In my D&F homework I proved that the ring $R = \mathbb{Z} + x\mathbb{Q}[x]$, $\mathbb{Q}$-polynomials with integral constant terms is an integral domain. I cannot help but feel that $R$ is a very “strange” ring. Is it possible to express $R$ as a $R'/P$, where $R'$ is a more familiar ring and $P \subset R'$ is a prime ideal?

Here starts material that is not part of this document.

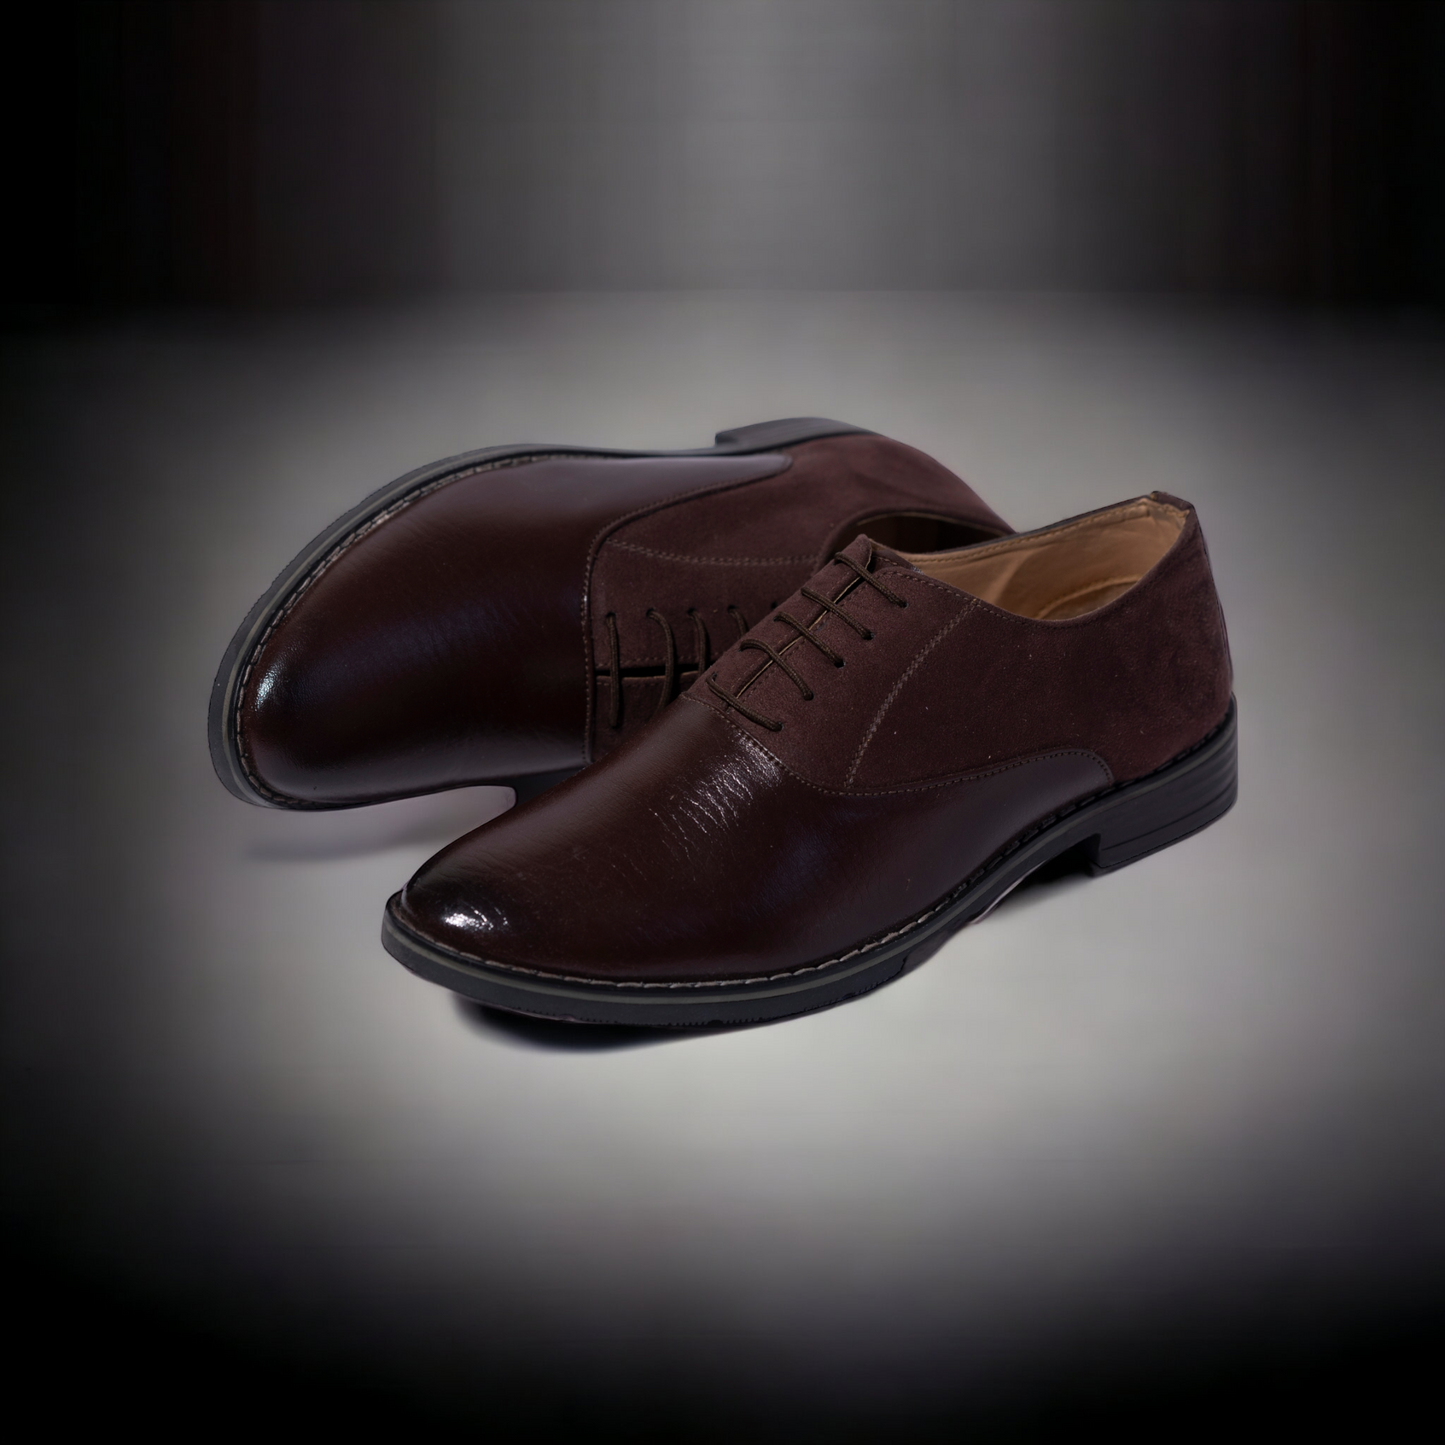 The Aurous Stride Laceup Formal Shoes - Brown

We also considered the ring $R/(x)$ and expressed it as $\left\{a_0 + a_1x \,\middle|\,a_0 \in \mathbb{Z}, a_1\in \mathbb{Q}/\mathbb{Z}\right\}$, with $\mathbb{Q}/\mathbb{Z}$ considered as the additive group of rational numbers up to integer difference. Cross-terms arising in multiplication in $R/(x)$ are handled using the obvious action $\mathbb{Z} \times \mathbb{Q} \to \mathbb{Q}$, and quadratic terms vanish.
I am just a little bit uncomfortable using a group in the coefficients of polynomials in a ring. Is there a way to construct $R/(x)$ using more mundane operations like direct sums, tensor and semidirect products, and/or group rings?
Finally, are there more general properties I should know about polynomial rings where higher terms take coefficients from the localization of the coefficient ring of the lower terms?
Consider the ring homomorphism $\phi: \mathbb Q[x] \to \mathbb Q$ given by $\phi(f)=f(0)$.
Then $R = \phi^{-1}(\mathbb Z)$.
In general, given a ring homomorphism $\phi: A \to B$ and a subring $B' \subseteq B$, then $\phi^{-1}(B')$ is a subring of $A$.